Место оказывается важным еще и потому, что суровая архитектура монастыря должна внушать страх и преклонение перед авторитетом [393] . Главное здание не было построено самими монахами, но лишь приспособлено для церковных нужд — аллюзия на усвоение светского знания, в особенности греческой философии, преимущественно религиозной средневековой мыслью. В конце романа Адсон приходит к осознанию иллюзорности средневекового синтеза разума и веры: гармония между философией и откровением невозможна. И действительно, религиозный авторитет в меньшей степени опирается на синтез веры и разума, и в большей — на синтез веры и воображения. Этот союз веры и воображения делает страх перед авторитетом основным инструментом власти в средние века [394] . Манипулирование воображением простых людей ради их устрашения обеспечивает их подчинение авторитету, а рядом с властью авторитета и воображением простых людей уже почти не остается места разуму. Это манипулирование воображением поддерживается порожденным им самим конформизмом и страхом оказаться вне единообразного сообщества [395] . Человечество разделяется на призванных и отвергнутых, причем последним уготованы либо реальные муки (инквизиция), либо воображаемые (подобные тем, что изображены на тимпане).

393

[Адсон] Однако не скажу, чтоб она выглядела приветливо. Мною овладел страх, и появилось неприятное предчувствие. Бог свидетель, что не от бредней незрелого разума, а оттого что слишком заметны были дурные знаки, проявившиеся на тех камнях еще в давние времена, когда они были во власти гигантов. Задолго, задолго до того, как упрямые монахи взялись превратить проклятые камни в святое хранилище слова Божия.

394

[Вильгельм] И те, кто убивал обезумевших каялыциков, возвращая смерть смерти и пытаясь убить истинное покаяние, смертью чреватое, — эти люди подменили покаяние души покаянием воображения, вызывали в воображении видения адовых мук, адовой крови, и звали эти видения «зерцалом истинного покаяния». Так они вводили в воображение простецов — а сейчас вводят в воображение людей ученых — картины того света, видения загробных терзаний. Все как будто для того, чтоб никто не грешил. Предполагается, что можно удержать душу от греха при помощи страха и что страх сильнее тяги к протесту.

395

[Адсон] И, отворачивая очарованный взор свой, упоенный потаенным многозвучием этого странного сродства святолепных телес с адовыми извержениями, я узрел… множество других видений ужасающего, жуткого вида, чье явление в этом священном приюте могло быть связано с их параболическим и аллегорическим содержанием и с неким моральным уроком, который им задавался; там видел я жену похабную оголенную, со спущенной кожей, угрызаемую нечистыми лягвами, уязвляемую аспидами и уестествляемую толстобрюхим сатиром с крупом грифа, с ногами, утыканными жестким пером, и с бесстыжею глоткою, выкликающею ему же самому вечное посрамление; видел я и скупца, коченеющего смертным холодом на своем ложе под колоннами и навесами беззащитною жертвою злой бесовской когорты, на него бросающейся, рвущей с последними хрипами из греховной глотки душу в образе младенчика (но не для вечной жизни, о горе! нарождающегося)… Все исчадия ада будто сошлись тут в преддверии, в сумрачном лесу, в степи печальной и дикой, к явлению Сидящего на фронтоне, к лику его многообещающему и грозному. Те, кто сражен на Армагеддоне, стали пред тем, кто пришел окончательно разделить живых и мертвых.

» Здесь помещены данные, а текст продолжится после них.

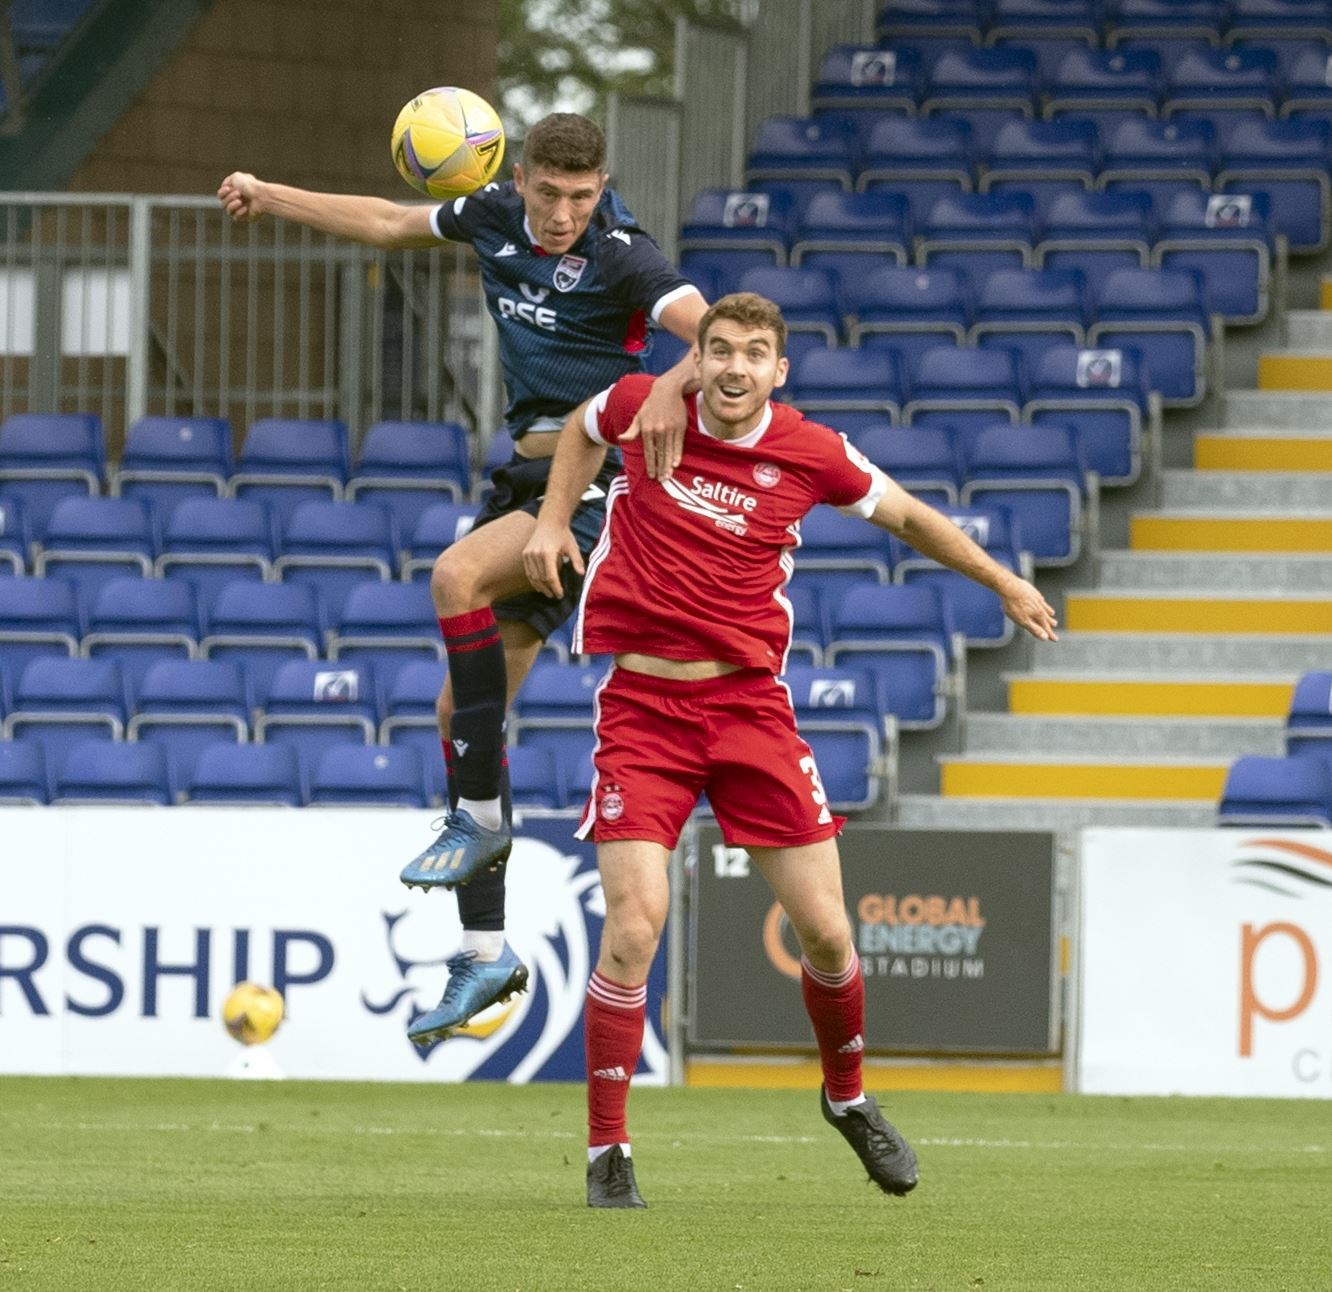 Picture - Ken Macpherson, Inverness. Ross County(0) v Aberdeen(3). 27.09.20. Ross County's Ross Stewart climbs above Aberdeen's Tommy Hoban to head for goal.

Смех, разрушающий страх, представляет собой величайшую угрозу такой покорности [396] . Хорхе ссылается на авторитет Правила св. Бенедикта, запрещающего смех, и считает, что этот запрет должен быть законом христианской жизни в целом. Смех следует запретить, потому что он способен вывести воображение из подчинения. В «Имени розы» спор об универсалиях сводится к спору о более коренном вопросе — смеялся ли Христос [397] . Исторически не самый важный вопрос для средневековой мысли становится центральным для Эко, поскольку спор об универсалиях у него представлен как столкновение авторитарного ультрареализма и номинализма, т. е. страха и смеха. Хорхе — этот закулисный руководитель библиотеки, монастыря и действия в романе — олицетворяет средневековье, и его ненависть к смеху ведет к разрушению этого мира [398] . «Иконой» средневекового христианского мира оказывается тот, кто ненавидит смех и философию; саморазрушение средневековья неизбежно, поскольку он — Хорхе — есть Антихрист. Но если Хорхе олицетворяет собой средние века, то монастырь символизирует средневековый христианский мир. И действительно, авторитарная позиция Хорхе более сильна, чем власть аббата; слепой Хорхе оказывается одновременно и хранителем и разрушителем библиотеки. Вполне очевидно, что монастырь, а не университет в роли обобщенного образа средних веков соответствует современному восприятию этого периода. По-видимому, взгляд Эко на этот исторический период весьма близок такому представлению. Это подтверждается тем, что за разрушением монастыря в романе следует всеобщая катастрофа и закат средневековья: после пожара все персонажи скрываются в изгнании или погибают, в том числе и Вильгельм, который умирает во время великой чумы. Адсон не умирает, но удаляется в свой монастырь, чтобы провести остаток дней в томлении о смерти, в отрицании мира и мистицизме. Намеренно или нет, но историческая эрудиция Эко оказывается ангажированной общепринятым представлением о средних веках как о темных веках.

396

«Пустоловие и смехотворство неприличны вам! (uerba uana aut risui apta non loqui)»…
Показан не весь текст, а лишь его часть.